__About this exercise__
Answer with the exact lines of the following material from the one containing "Upcycled Surf Resin Bead Charm" through the one containing "Solid 14k Yellow", both end lines included.

__Information provided__
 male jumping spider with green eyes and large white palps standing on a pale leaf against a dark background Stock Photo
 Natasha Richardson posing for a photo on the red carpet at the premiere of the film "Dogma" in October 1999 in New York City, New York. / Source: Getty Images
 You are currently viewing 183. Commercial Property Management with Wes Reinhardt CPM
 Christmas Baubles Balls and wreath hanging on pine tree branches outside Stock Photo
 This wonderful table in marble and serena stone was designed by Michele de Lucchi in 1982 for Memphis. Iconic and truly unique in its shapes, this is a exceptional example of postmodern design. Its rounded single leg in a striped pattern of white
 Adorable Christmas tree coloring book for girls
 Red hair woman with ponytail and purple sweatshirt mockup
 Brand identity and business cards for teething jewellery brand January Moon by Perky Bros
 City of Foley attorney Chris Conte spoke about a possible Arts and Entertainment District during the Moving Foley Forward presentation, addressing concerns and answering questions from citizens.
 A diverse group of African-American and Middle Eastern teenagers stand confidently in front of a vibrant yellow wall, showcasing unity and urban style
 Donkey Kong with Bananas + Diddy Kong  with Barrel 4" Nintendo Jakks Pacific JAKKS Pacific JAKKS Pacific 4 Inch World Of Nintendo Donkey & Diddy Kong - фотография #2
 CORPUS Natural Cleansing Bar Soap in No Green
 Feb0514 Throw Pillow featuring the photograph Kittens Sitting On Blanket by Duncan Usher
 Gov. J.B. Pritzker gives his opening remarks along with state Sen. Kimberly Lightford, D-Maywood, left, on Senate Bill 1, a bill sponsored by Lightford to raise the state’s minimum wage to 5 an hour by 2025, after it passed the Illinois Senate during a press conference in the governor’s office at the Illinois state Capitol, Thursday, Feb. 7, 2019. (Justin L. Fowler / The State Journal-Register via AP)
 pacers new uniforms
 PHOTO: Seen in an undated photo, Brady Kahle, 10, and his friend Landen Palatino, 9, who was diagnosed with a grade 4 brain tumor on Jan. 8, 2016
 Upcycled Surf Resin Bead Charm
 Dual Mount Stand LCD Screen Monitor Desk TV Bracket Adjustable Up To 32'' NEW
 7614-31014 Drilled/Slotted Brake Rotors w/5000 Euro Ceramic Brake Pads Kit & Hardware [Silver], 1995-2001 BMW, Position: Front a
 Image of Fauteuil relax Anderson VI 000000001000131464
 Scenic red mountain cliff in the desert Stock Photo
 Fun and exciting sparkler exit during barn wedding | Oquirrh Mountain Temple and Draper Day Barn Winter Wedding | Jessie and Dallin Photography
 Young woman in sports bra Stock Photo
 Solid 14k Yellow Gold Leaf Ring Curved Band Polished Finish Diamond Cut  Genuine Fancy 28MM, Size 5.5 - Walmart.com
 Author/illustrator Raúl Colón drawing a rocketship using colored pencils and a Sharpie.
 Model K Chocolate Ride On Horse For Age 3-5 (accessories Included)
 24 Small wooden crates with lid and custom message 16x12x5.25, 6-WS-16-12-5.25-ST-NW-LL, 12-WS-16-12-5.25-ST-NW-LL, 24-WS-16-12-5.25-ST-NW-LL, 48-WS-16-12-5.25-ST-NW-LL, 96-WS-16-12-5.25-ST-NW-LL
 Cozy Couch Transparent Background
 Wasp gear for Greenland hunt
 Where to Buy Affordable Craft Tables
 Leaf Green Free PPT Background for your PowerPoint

__Response below__
 Upcycled Surf Resin Bead Charm
 Dual Mount Stand LCD Screen Monitor Desk TV Bracket Adjustable Up To 32'' NEW
 7614-31014 Drilled/Slotted Brake Rotors w/5000 Euro Ceramic Brake Pads Kit & Hardware [Silver], 1995-2001 BMW, Position: Front a
 Image of Fauteuil relax Anderson VI 000000001000131464
 Scenic red mountain cliff in the desert Stock Photo
 Fun and exciting sparkler exit during barn wedding | Oquirrh Mountain Temple and Draper Day Barn Winter Wedding | Jessie and Dallin Photography
 Young woman in sports bra Stock Photo
 Solid 14k Yellow Gold Leaf Ring Curved Band Polished Finish Diamond Cut  Genuine Fancy 28MM, Size 5.5 - Walmart.com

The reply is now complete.